[Exercise]
Please repeat all of the listing exactly.

__________

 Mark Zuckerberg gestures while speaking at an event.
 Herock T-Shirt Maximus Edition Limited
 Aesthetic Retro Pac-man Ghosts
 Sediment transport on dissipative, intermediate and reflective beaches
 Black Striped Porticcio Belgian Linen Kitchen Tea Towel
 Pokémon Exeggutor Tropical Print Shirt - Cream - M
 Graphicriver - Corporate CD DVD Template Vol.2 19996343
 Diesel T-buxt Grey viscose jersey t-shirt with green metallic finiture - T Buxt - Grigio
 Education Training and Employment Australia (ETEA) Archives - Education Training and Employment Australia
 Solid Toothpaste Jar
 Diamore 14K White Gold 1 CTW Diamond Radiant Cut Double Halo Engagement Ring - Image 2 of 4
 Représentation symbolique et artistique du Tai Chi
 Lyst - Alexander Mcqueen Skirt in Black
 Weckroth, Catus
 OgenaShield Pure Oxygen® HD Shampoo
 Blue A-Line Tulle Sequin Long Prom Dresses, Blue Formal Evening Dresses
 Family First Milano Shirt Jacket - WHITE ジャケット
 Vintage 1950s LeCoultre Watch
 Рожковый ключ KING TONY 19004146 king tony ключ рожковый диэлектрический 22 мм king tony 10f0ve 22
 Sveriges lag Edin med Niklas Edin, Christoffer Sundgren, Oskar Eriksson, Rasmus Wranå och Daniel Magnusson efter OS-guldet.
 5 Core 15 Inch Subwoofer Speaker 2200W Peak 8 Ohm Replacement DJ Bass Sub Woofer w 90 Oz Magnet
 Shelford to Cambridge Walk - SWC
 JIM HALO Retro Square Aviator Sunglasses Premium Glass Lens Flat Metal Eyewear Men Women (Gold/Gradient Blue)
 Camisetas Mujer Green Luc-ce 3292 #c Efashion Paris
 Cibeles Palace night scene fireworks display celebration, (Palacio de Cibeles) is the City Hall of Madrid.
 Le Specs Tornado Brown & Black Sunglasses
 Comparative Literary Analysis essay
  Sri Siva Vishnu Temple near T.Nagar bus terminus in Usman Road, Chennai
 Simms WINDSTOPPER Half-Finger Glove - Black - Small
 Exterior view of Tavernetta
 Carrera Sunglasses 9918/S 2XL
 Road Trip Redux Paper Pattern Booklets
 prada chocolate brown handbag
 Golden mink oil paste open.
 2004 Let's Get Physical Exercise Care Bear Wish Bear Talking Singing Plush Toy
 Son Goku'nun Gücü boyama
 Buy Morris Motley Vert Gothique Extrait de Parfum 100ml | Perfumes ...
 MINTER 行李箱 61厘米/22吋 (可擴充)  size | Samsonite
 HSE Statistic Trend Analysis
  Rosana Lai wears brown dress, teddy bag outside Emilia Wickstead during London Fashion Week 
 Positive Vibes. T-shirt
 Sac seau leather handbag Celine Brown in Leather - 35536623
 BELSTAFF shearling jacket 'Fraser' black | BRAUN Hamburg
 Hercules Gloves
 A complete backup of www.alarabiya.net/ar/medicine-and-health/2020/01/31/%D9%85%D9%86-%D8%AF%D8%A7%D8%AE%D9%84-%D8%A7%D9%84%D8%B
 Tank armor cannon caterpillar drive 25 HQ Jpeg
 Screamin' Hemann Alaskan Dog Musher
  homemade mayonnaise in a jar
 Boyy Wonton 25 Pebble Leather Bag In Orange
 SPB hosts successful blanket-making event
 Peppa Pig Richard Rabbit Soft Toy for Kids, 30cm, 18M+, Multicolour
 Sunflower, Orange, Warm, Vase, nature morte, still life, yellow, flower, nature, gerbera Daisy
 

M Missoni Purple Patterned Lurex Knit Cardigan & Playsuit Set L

__________

[Output for this task]
 Mark Zuckerberg gestures while speaking at an event.
 Herock T-Shirt Maximus Edition Limited
 Aesthetic Retro Pac-man Ghosts
 Sediment transport on dissipative, intermediate and reflective beaches
 Black Striped Porticcio Belgian Linen Kitchen Tea Towel
 Pokémon Exeggutor Tropical Print Shirt - Cream - M
 Graphicriver - Corporate CD DVD Template Vol.2 19996343
 Diesel T-buxt Grey viscose jersey t-shirt with green metallic finiture - T Buxt - Grigio
 Education Training and Employment Australia (ETEA) Archives - Education Training and Employment Australia
 Solid Toothpaste Jar
 Diamore 14K White Gold 1 CTW Diamond Radiant Cut Double Halo Engagement Ring - Image 2 of 4
 Représentation symbolique et artistique du Tai Chi
 Lyst - Alexander Mcqueen Skirt in Black
 Weckroth, Catus
 OgenaShield Pure Oxygen® HD Shampoo
 Blue A-Line Tulle Sequin Long Prom Dresses, Blue Formal Evening Dresses
 Family First Milano Shirt Jacket - WHITE ジャケット
 Vintage 1950s LeCoultre Watch
 Рожковый ключ KING TONY 19004146 king tony ключ рожковый диэлектрический 22 мм king tony 10f0ve 22
 Sveriges lag Edin med Niklas Edin, Christoffer Sundgren, Oskar Eriksson, Rasmus Wranå och Daniel Magnusson efter OS-guldet.
 5 Core 15 Inch Subwoofer Speaker 2200W Peak 8 Ohm Replacement DJ Bass Sub Woofer w 90 Oz Magnet
 Shelford to Cambridge Walk - SWC
 JIM HALO Retro Square Aviator Sunglasses Premium Glass Lens Flat Metal Eyewear Men Women (Gold/Gradient Blue)
 Camisetas Mujer Green Luc-ce 3292 #c Efashion Paris
 Cibeles Palace night scene fireworks display celebration, (Palacio de Cibeles) is the City Hall of Madrid.
 Le Specs Tornado Brown & Black Sunglasses
 Comparative Literary Analysis essay
  Sri Siva Vishnu Temple near T.Nagar bus terminus in Usman Road, Chennai
 Simms WINDSTOPPER Half-Finger Glove - Black - Small
 Exterior view of Tavernetta
 Carrera Sunglasses 9918/S 2XL
 Road Trip Redux Paper Pattern Booklets
 prada chocolate brown handbag
 Golden mink oil paste open.
 2004 Let's Get Physical Exercise Care Bear Wish Bear Talking Singing Plush Toy
 Son Goku'nun Gücü boyama
 Buy Morris Motley Vert Gothique Extrait de Parfum 100ml | Perfumes ...
 MINTER 行李箱 61厘米/22吋 (可擴充)  size | Samsonite
 HSE Statistic Trend Analysis
  Rosana Lai wears brown dress, teddy bag outside Emilia Wickstead during London Fashion Week 
 Positive Vibes. T-shirt
 Sac seau leather handbag Celine Brown in Leather - 35536623
 BELSTAFF shearling jacket 'Fraser' black | BRAUN Hamburg
 Hercules Gloves
 A complete backup of www.alarabiya.net/ar/medicine-and-health/2020/01/31/%D9%85%D9%86-%D8%AF%D8%A7%D8%AE%D9%84-%D8%A7%D9%84%D8%B
 Tank armor cannon caterpillar drive 25 HQ Jpeg
 Screamin' Hemann Alaskan Dog Musher
  homemade mayonnaise in a jar
 Boyy Wonton 25 Pebble Leather Bag In Orange
 SPB hosts successful blanket-making event
 Peppa Pig Richard Rabbit Soft Toy for Kids, 30cm, 18M+, Multicolour
 Sunflower, Orange, Warm, Vase, nature morte, still life, yellow, flower, nature, gerbera Daisy
 

M Missoni Purple Patterned Lurex Knit Cardigan & Playsuit Set L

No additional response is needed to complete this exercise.